__Exercise instructions__
For this exercise, repeat the whole listing below exactly. Leave the pictures out.

__Data block__
*** Begin section ***

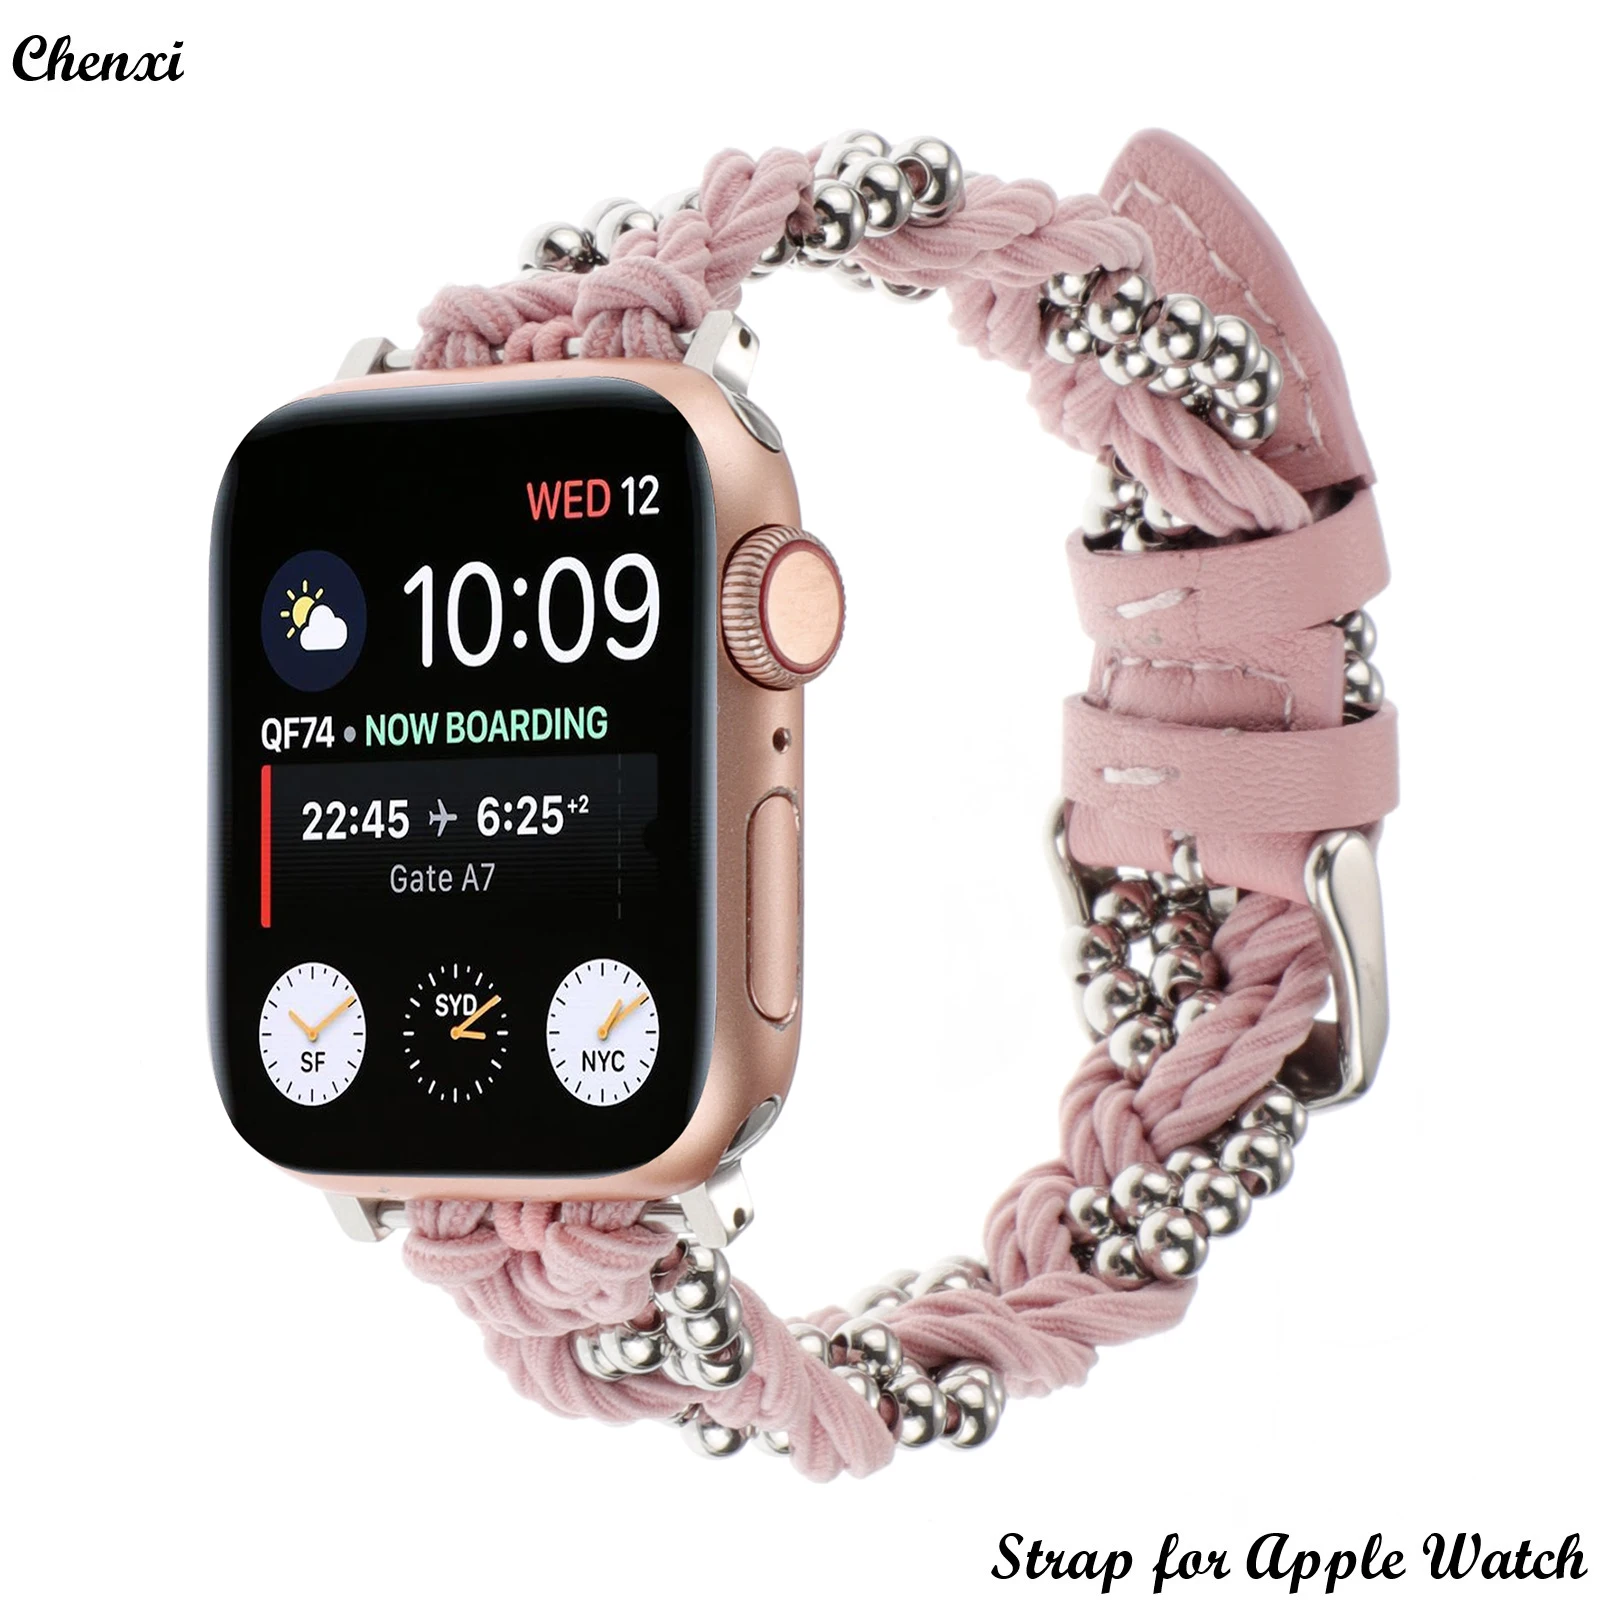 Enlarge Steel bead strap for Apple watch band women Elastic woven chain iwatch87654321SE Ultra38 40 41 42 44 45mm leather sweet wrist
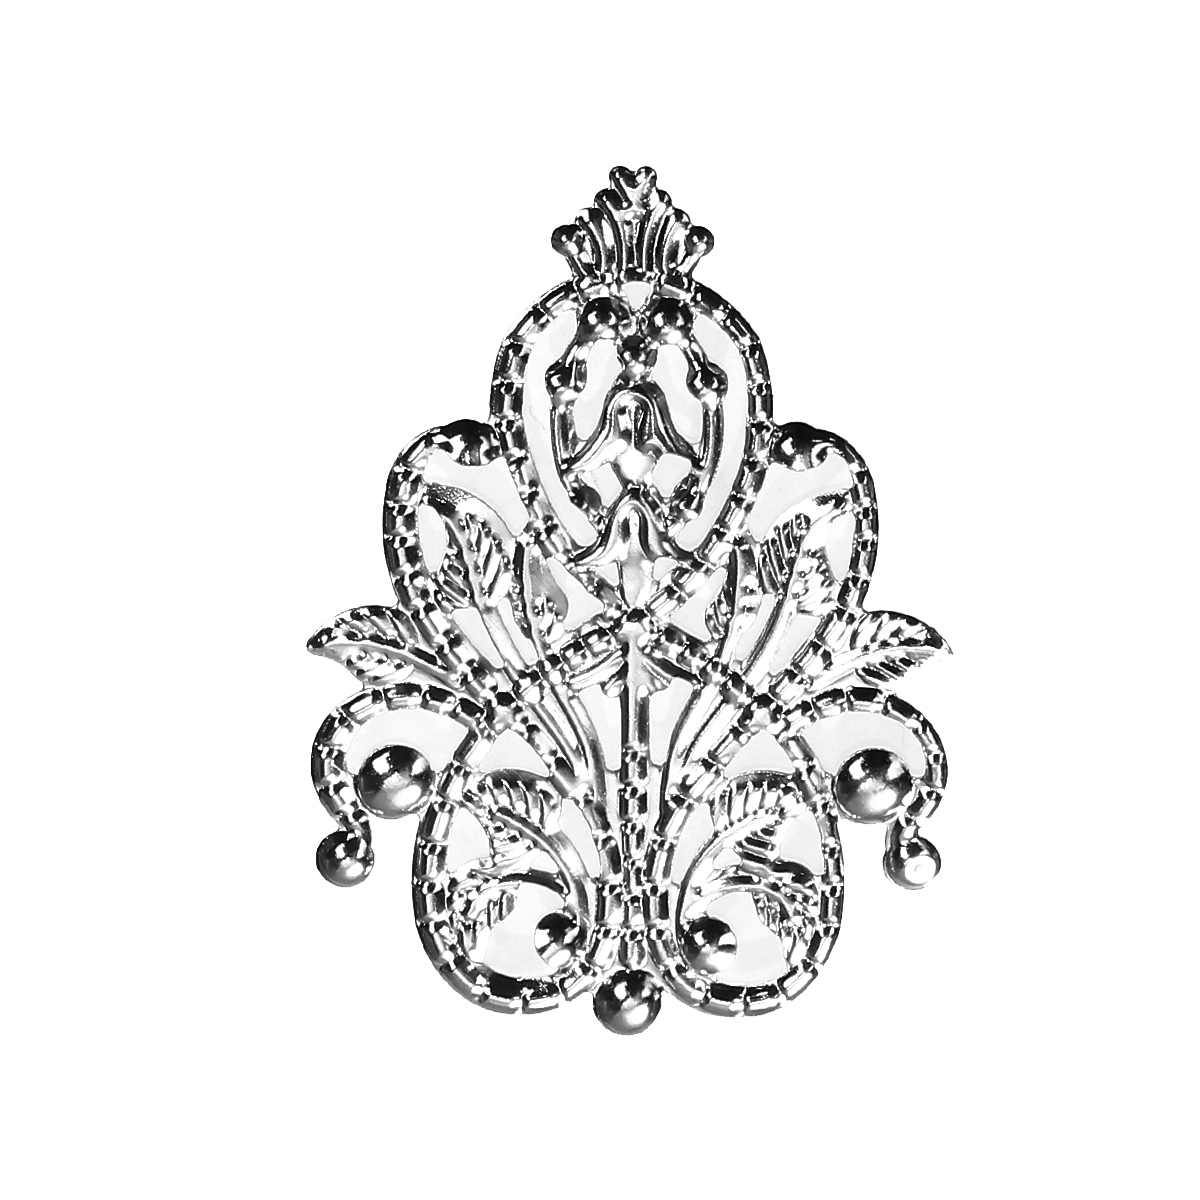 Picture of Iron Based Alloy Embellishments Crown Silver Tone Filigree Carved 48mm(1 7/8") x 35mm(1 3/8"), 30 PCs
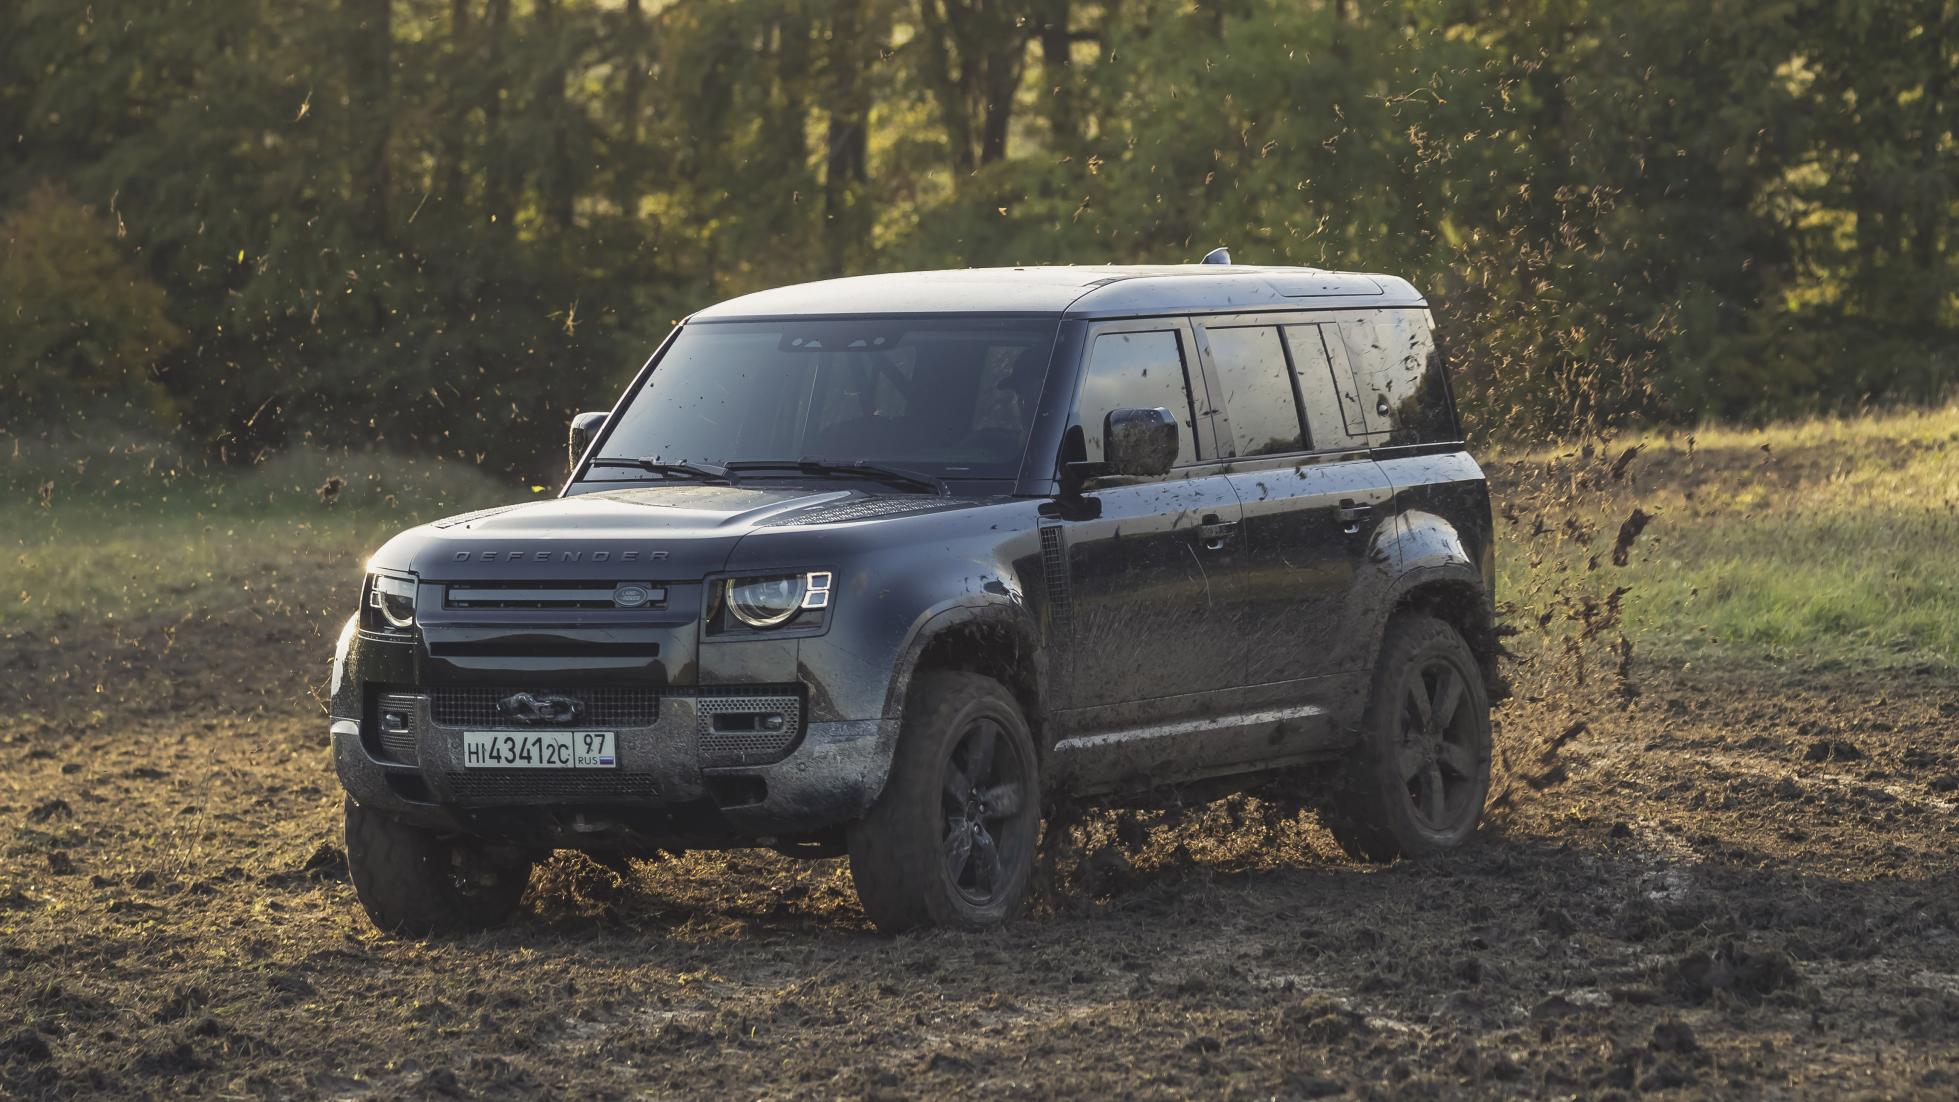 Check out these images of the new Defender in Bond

*** End section ***

__Task output__
 Enlarge Steel bead strap for Apple watch band women Elastic woven chain iwatch87654321SE Ultra38 40 41 42 44 45mm leather sweet wrist
 Picture of Iron Based Alloy Embellishments Crown Silver Tone Filigree Carved 48mm(1 7/8") x 35mm(1 3/8"), 30 PCs
 Check out these images of the new Defender in Bond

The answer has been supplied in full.